Even mature computer-vision algorithms that can recognize variations in an object or image can be tricked into making a bad decision or recommendation. This vulnerability to image manipulation makes visual artificial intelligence an attractive target for malicious actors interested in disrupting applications that rely on computer vision, such as autonomous vehicles, medical diagnostics and surveillance systems.

Now, researchers at the University of California, Riverside, are attempting to harden computer-vision algorithms against attacks by teaching them what objects usually coexist near each other so if a small detail in the scene or context is altered or absent the system will still make the right decision.

When people see a horse or a boat, for example, they expect to also see a barn or a lake. If the horse is standing in a hospital or the boat is floating in clouds, a human knows something is wrong.

“If there is something out of place, it will trigger a defense mechanism,” Amit Roy-Chowdhury, a professor of electrical and computer engineering leading the team studying the vulnerability of computer vision systems to adversarial attacks, told UC Riverside News. “We can do this for perturbations of even just one part of an image, like a sticker pasted on a stop sign.”

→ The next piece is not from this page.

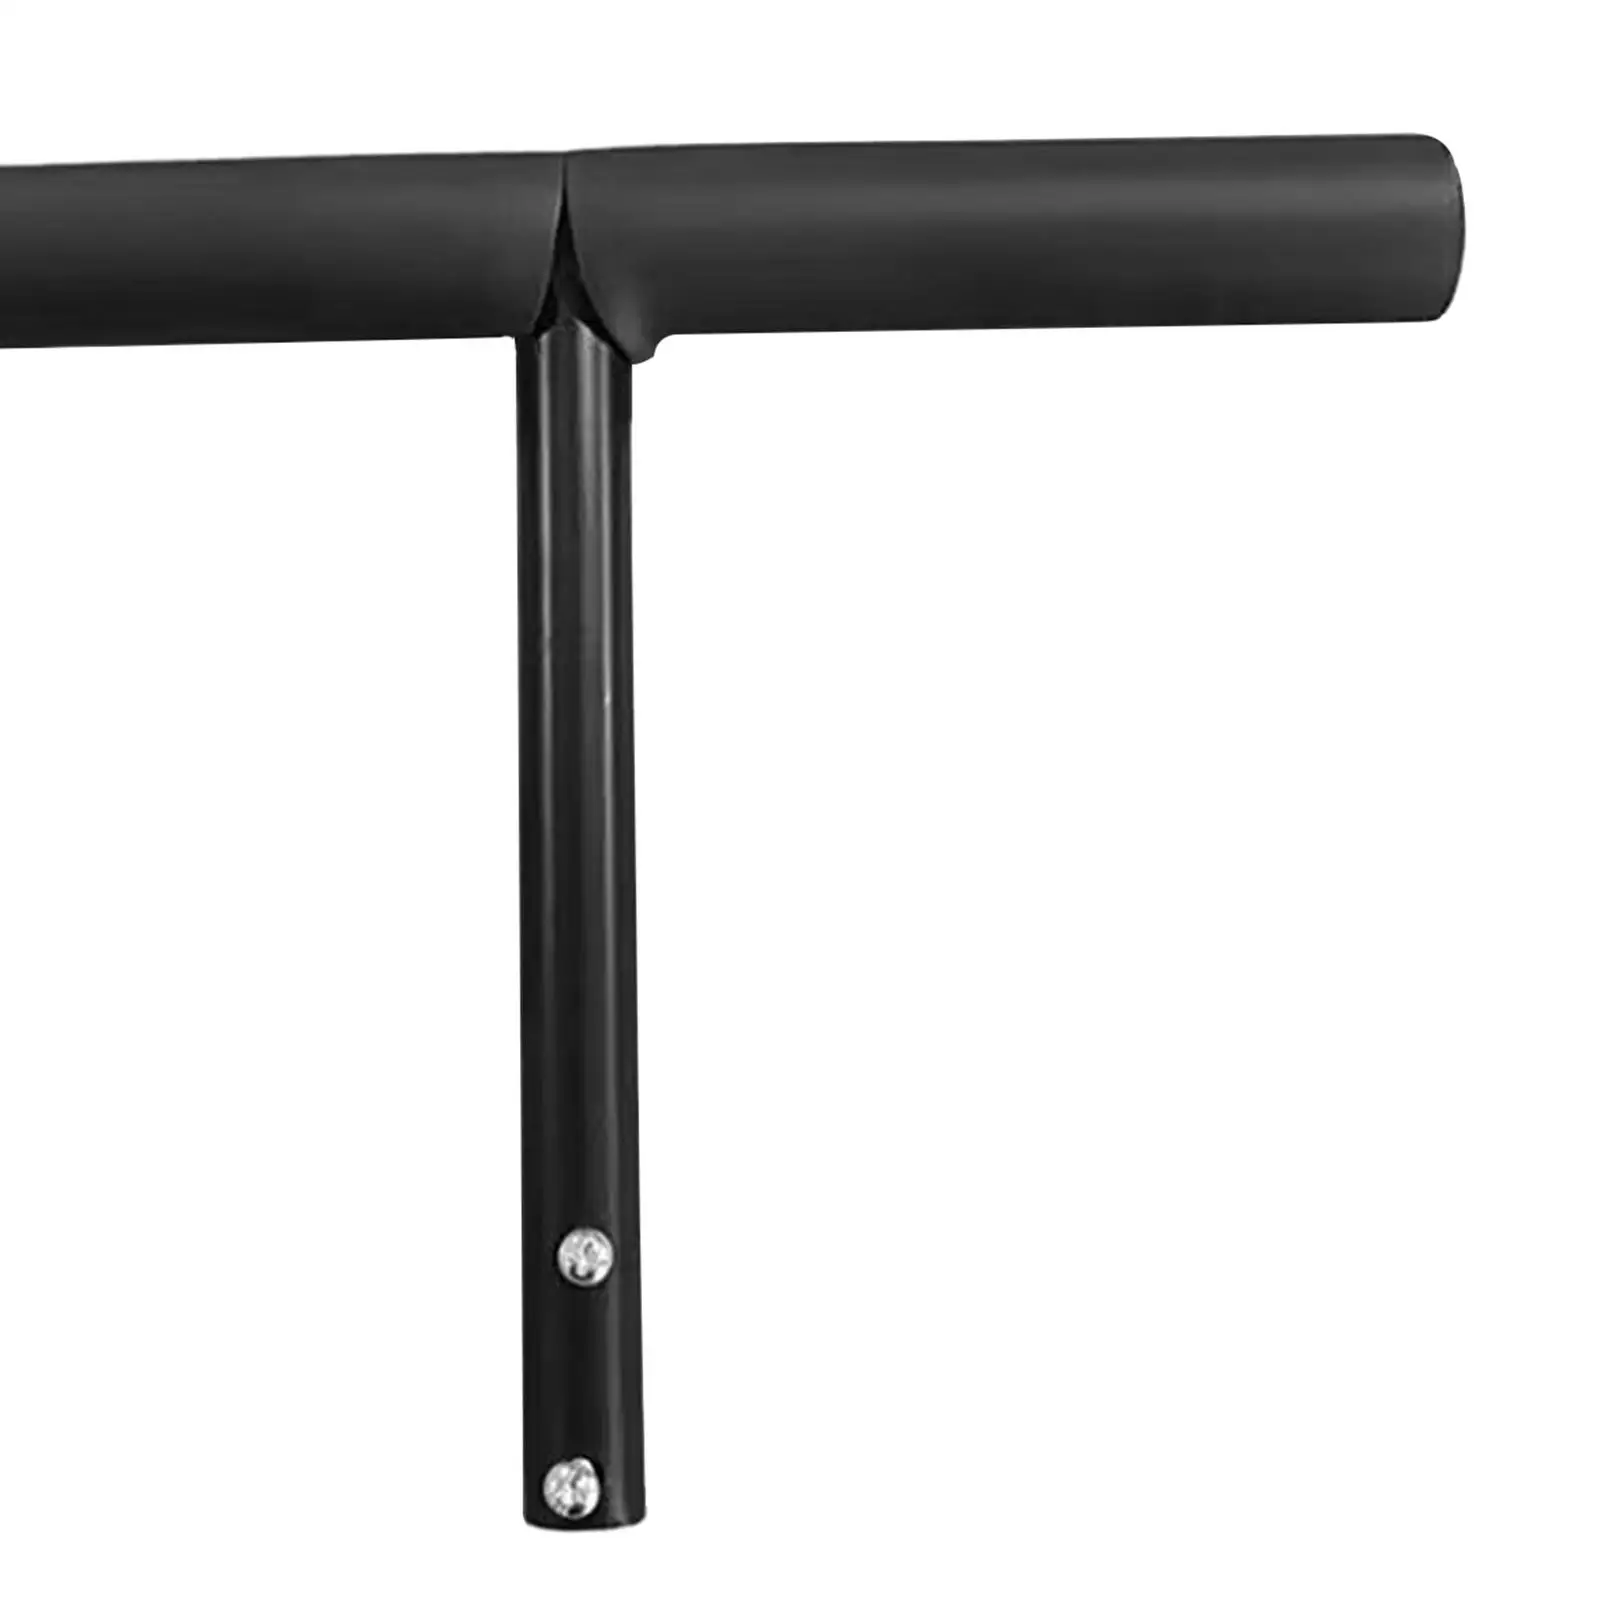 T Shaped Push Handle Bar Easy to Install Sturdy Practical Replacement Baby Bike Accessory Durable for Home Travel Outdoor

The stop sign example refers to a 2017 study that demonstrated that images of stickers on a stop sign that were deliberately misclassified as a speed limit sign in training data were able to trick a deep neural network (DNN)-based system into thinking it saw a speed limit sign 100% of the time. An autonomous driving system trained on that manipulated data that sees a stops sign with a sticker on it would interpret that image as a speed limit sign and drive right through the stop sign. These “adversarial perturbations attacks” can also be achieved by adding digital noise to an image, causing the neural network to misclassify it.

However, a DNN augmented with a system trained on context consistency rules can check for violations.

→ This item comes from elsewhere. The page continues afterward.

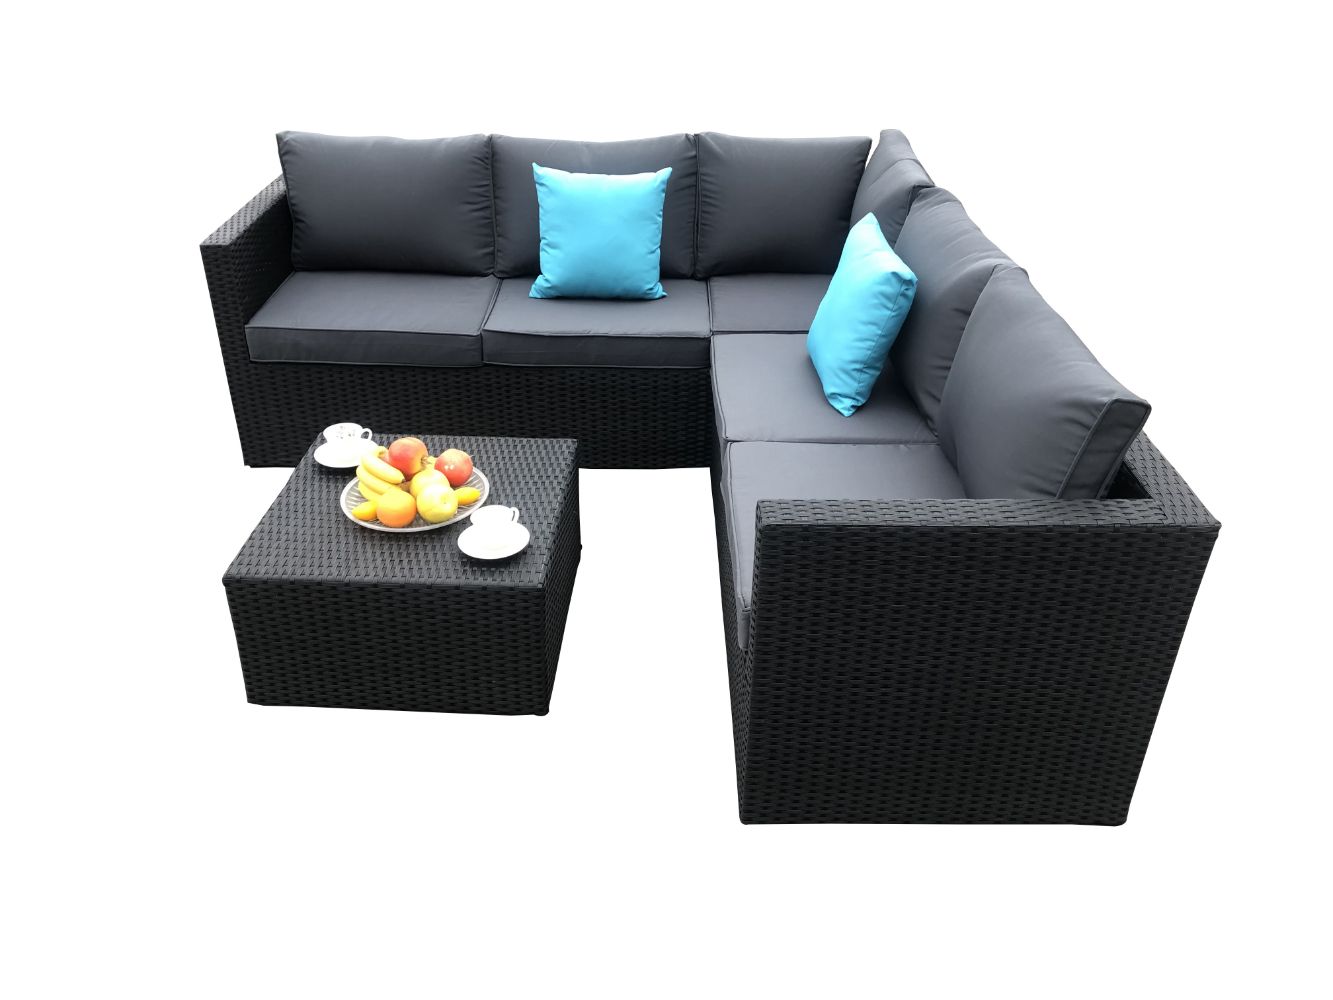 "The Chelsea Garden Company" Rattan Garden Furniture Clearance: Dining Sets, Sofas, Loungers and Cooler Tables

In the traffic sign example, the scene around the stop sign – the crosswalk lines, street name signs and other characteristics of a road intersection – can be used as context for the algorithm to understand the relationship among the elements in the scene and help it deduce if some element has been misclassified.

The researchers propose to use context inconsistency to detect adversarial perturbation attacks and build a “DNN-based adversarial detection system” that automatically extracts context for each scene, and checks “whether the object fits within the scene and in association with other entities in the scene,” the researchers said in their paper.

The research was funded by a $1 million grant from the Defense Advanced Research Projects Agency’s Machine Vision Disruption program, which aims to understand the vulnerability of computer vision systems to adversarial attacks. The results could have broad applications in autonomous vehicles, surveillance and national defense.